Despite the availability of direct measures of health literacy including the Rapid Estimate of Adults’ Literacy (REALM), the Test of Functional Health Literacy in Adults (TOFHLA), and the Newest Vital Sign.1215, the role of LHL in health outcomes remains largely unaddressed in public health and clinical practice. While these measures and other screening questions can be used by providers to identify individual patients at higher risk for LHL, administering such measures is logistically complex, and the measures themselves are limited largely to assessing reading ability and medical vocabulary and do not provide much, in any, information on other skills integral to health literacy.16,17 Such measures were also designed for individual, rather than community-level assessments, and provide little information about the level of health literacy within one’s patient population or community overall.
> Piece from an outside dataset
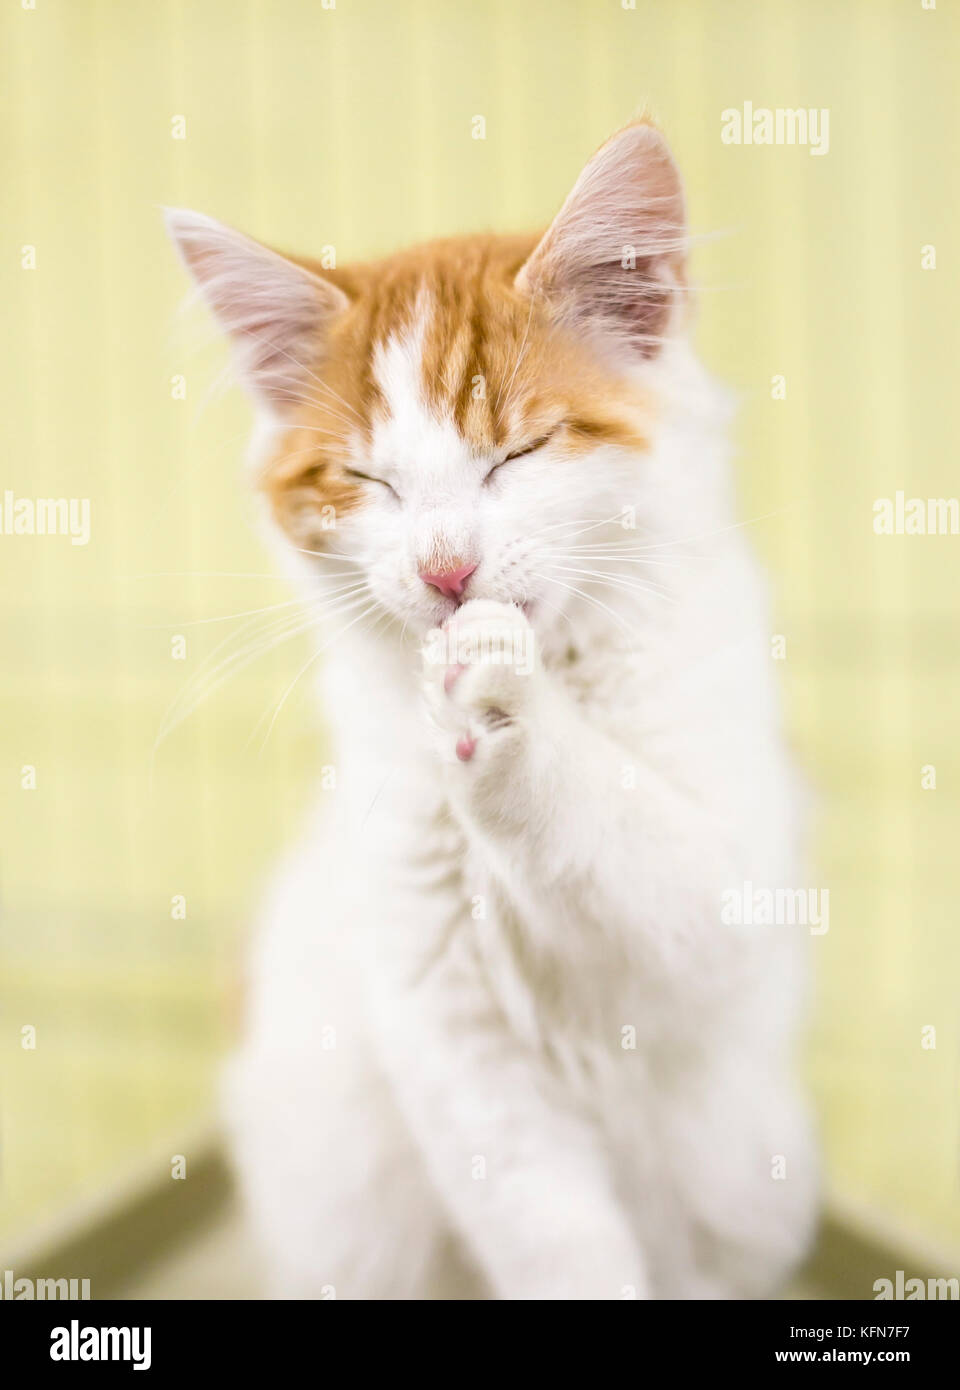 A white kitten with orange tabby markings grooming itself Stock Photo

Thus, there is a need for a predictive model that can use currently available data to help medical and public health practitioners, researchers, and health centers identify whether LHL may be a significant problem in the community or population they serve. The development of such a model may help set the stage for the development of community level measures, thus advancing action and facilitating efforts to target health literacy interventions in the practice setting and in areas of greatest need in the community at large.

Absent a predictive model, some providers use level of educational attainment or income as a proxy for health literacy, a practice that may lead to under- or over-estimation of the roles of each. While studies have identified individual characteristics associated with health literacy such as lower educational attainment, older age, lower income, and minority race or ethnicity12,13,15,1822,23 it is not clear whether using a combination of predictive factors in the form of a multivariable model is significantly more accurate than relying on a single variable.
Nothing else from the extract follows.